Он встал и, осушив кубок, опрокинул его над своей головой. Терехов и Андреев сделали то же.

— Ссориться не надо, а больно везти такие вести к Прокопию Петровичу! — ответил Терехов.

— А ты его, боярин, моими словами ульсти!

Терехов покачал головой, а Андреев даже сплюнул.

Князь засмеялся, сверкнув белыми зубами.

— Ну, хорошо, — сказал он, — там видно будет, а пока что не соснуть ли нам малость? Ишь, как солнце поднялось; всю ночь прокалякали, а в полудень надо беспременно при царе быть! У нас бой назначен на площади!

— Суд? — спросил Андреев.

— Нет, так, потешный. Вы посмотрите. Оно занятно, и царя увидите… А пока что поспать!

Он хлопнул в ладоши и, когда пришел отрок, велел проводить гостей в опочивальню, а сам медленно пошел в свою горницу.

Отрок повел гостей по узким переходам на другую половину дома и оставил их в большой горнице, где стояло несколько застланных постелей.
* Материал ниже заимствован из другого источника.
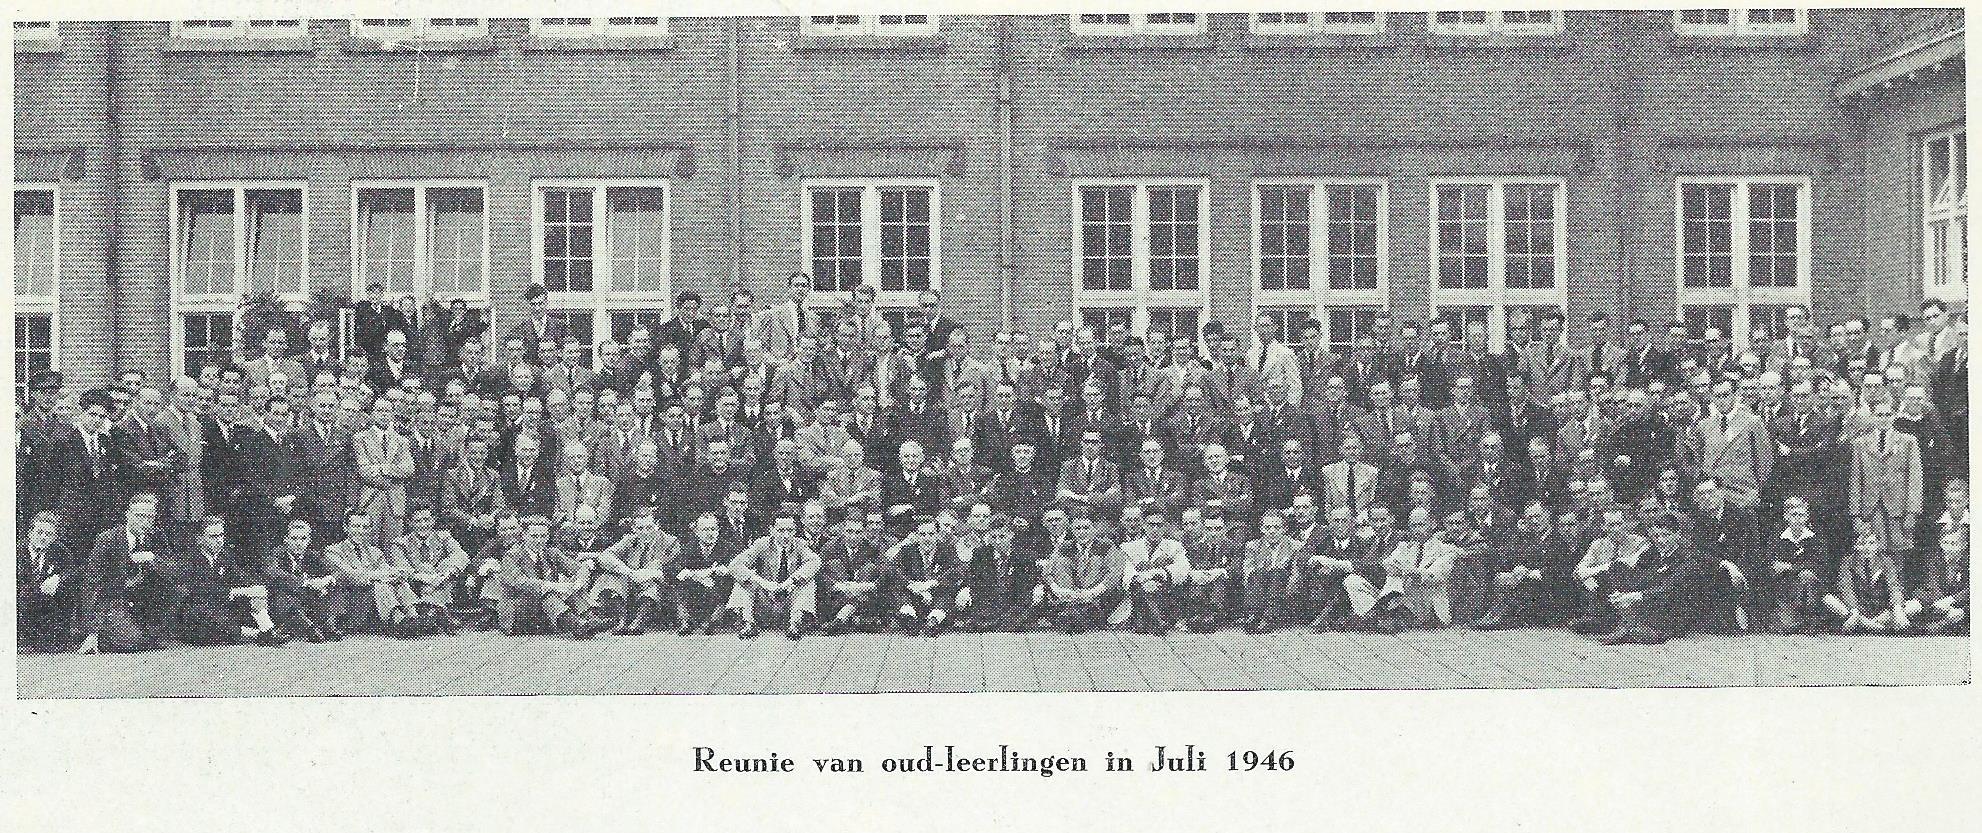 triniteitreunie1946

Он отрывисто поклонился и вышел.

Терехов и Андреев остались одни и тотчас легли в постели, но заснуть не могли. Разговор с князем взволновал их. Значение «калужского вора» сразу увеличилось в их глазах и внушило им смутное опасение.

А время шло. Город проснулся, и до них с улицы доносились крики, голоса, топот конских копыт и бряцанье оружия. Андреев встал.

— Нет, не заснуть! — сказал он. — Пойдем лучше посмотрим, будет хоть что-нибудь рассказать.

Терехов тотчас согласился. Они оделись и вышли.

Узкая улица была полна народу, но на них никто не обратил внимания. В это время в Калуге на каждом шагу можно было встретить как польского рыцаря, так запорожца, казака и русского воина.

В то время, к которому относится наш рассказ, Калуга была едва ли не интереснейшим из городов русских. «Тушинский вор», напуганный буйным Рожинским и шляхтой, убежал в Калугу, куда за ним последовал и Трубецкой с казаками, и основал там свою резиденцию, превратившись в «вора калужского». Часть русских бояр, еще ранее бежавших из Тушина, звала «вора» в Калугу.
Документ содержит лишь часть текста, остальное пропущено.